Etant donnée l'importance des fonctions d'un commissaire spécial
de la police des chemins de fer à la frontière, nous avons tenu
à renseigner exactement nos lecteurs sur cet incident.
Une personne des plus autorisées nous a donné, à cet égard, des
renseignements excessivement précis.
- C'est une vieille histoire, nous a dit, tout d'abord, notre
interlocuteur.
« Kuehn et non Kuhn n'a jamais été commissaire spécial à
Avricourt ; ce poste est occupé actuellement par M. Fischer,
ancien commissaire adjoint à la gare de l'Est, chargé de
surveiller les expériences de mélinite aux environs de
Saint-Quentin, l'an dernier.
« M. Fischer a été nommé à Avricourt quelque temps après, et son
prédécesseur fut envoyé à Lyon pour remplacer M. Rissler, qui
alla à Pagny-sur-Moselle, à la place de M. Schnaebele.

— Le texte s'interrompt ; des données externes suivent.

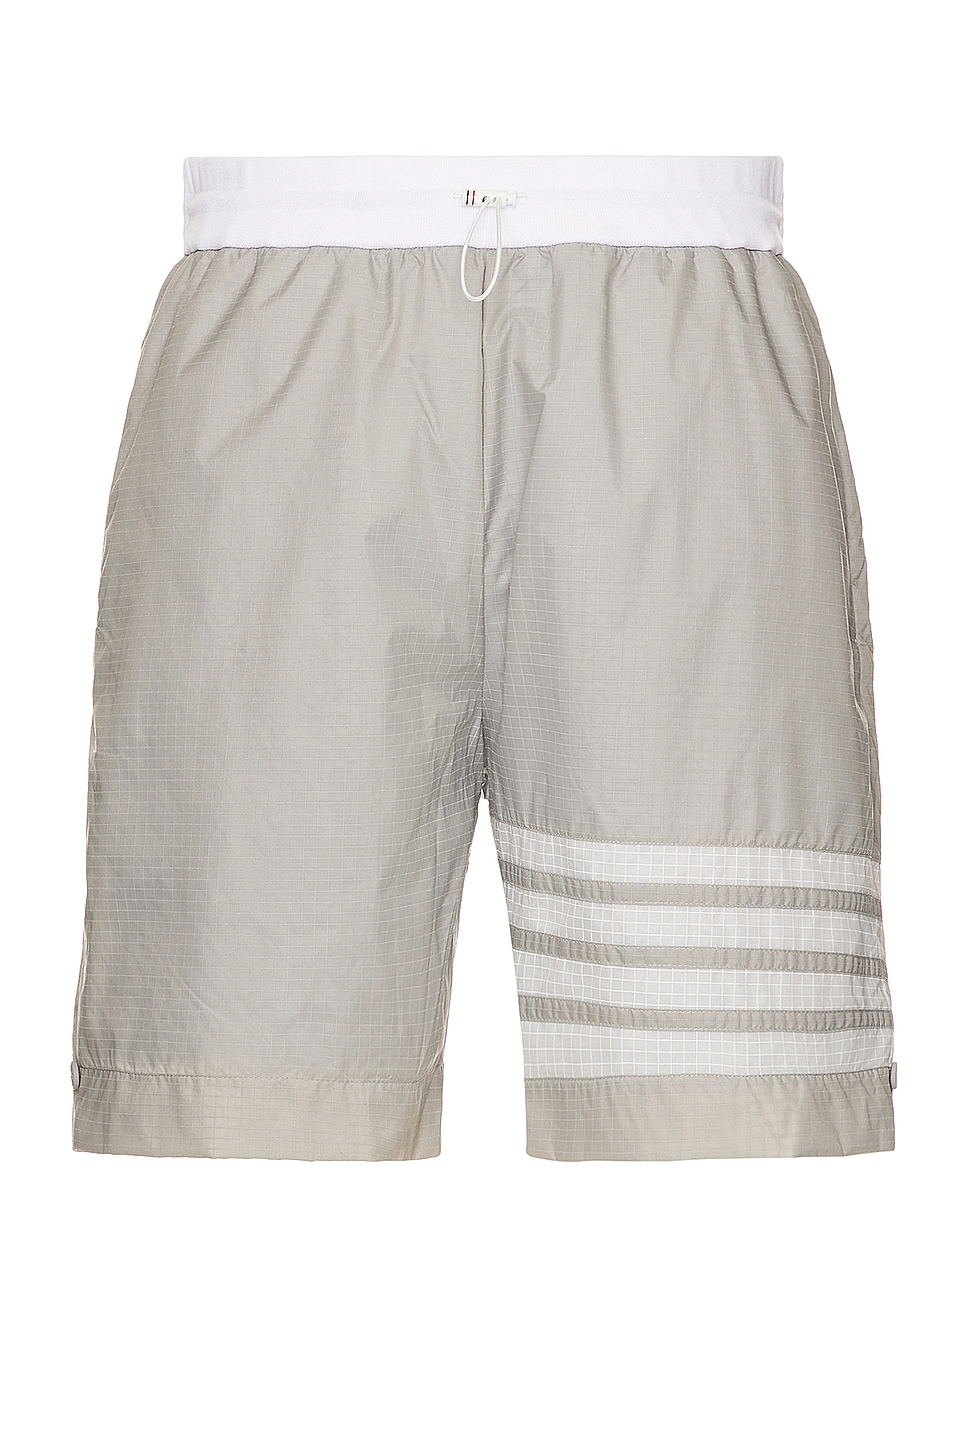 Image 1 of Thom Browne Nylon Ripstop Shorts in Light Grey

« Kuenn n'était que simple inspecteur spécial, et occupa fort
peu de temps ces fonctions, car il fut mis en disponibilité, il
y a dix-huit mois environ, c'est-à-dire moins de six mois après
son entrée en fonctions, et voici pour quelles raisons : Lorsque
Kuehn, qui est de Strasbourg, fit sa demande à l'administration,
il produisit à l'appui ses états de service militaire, établis
par le ministère de la guerre, et attestant qu'il avait servi
dans l'armée française; il y ajouta un certificat d'option dans
sa ville natale, c'est-à-dire à Strasbourg, en date du 13 mars
1872.
« Au bout de quelque temps, sa demande aboutit, et il lut envoyé
comme inspecteur à Igney-Avricourt.
« De par la nature de leurs fonctions, nos agents sont classés
dans l'indisponibilité de l'armée mais, comme un agent
nouvellement entré dans notre administration peut, pour des
raisons multiples, ne pas convenir aux fonctions qui lui sont
dévolues, ce n'est généralement qu'après une sorte de stage que
nous le faisons inscrire sur les contrôles de l'indisponibilité
par l'administration de la guerre.
« Ceux de nos agents qui sont appelés à servir dans la réserve
de l'armée active ou dans l'armée territoriale envoient alors
leurs livrets militaires à la direction de la Sûreté générale,
qui les remet au Ministère de la guerre, où on fait la mutation
nécessaire; ces livrets sont ensuite renvoyés à leurs
propriétaires.
« Or, jamais on ne put obtenir le livret militaire de Kuehn;
aussi, après environ trois mois de réclamations inutiles,
l'a-t-on mis en disponibilité.
- Et après?
- Après, rien; on a pensé, à la Sûreté générale, que ce Kuehn,
qui était un homme paraissant avoir certaines ressources
personnelles, s'était trouvé froissé de ce que son livret lui
était réclamé avec une telle insistance, et on ne s'est plus
occupé de lui; il a quitté Igney-Avricourt et un autre a pris sa
place.
- Mais l'option de Kuehn n'était peut-être pas valable; car vous
n'ignorez certainement pas, dis-je à mon interlocuteur, que
beaucoup d'Alsaciens-Lorrains, après avoir opté, ont fait leur
service militaire en France et qu'ensuite, retournés chez eux,
les Allemands les ont repincés, sous prétexte qu'ils
n'acceptaient pas, leur option, et ont incorporé dans leurs
régiments des hommes qui avaient fait leur temps de service en
France.
- Parfaitement; mais, du moment que nous reconnaissions bonne
l'option de Kuehn, nous n'avions pas à nous préoccuper de savoir
s'il en était de même chez les Allemands.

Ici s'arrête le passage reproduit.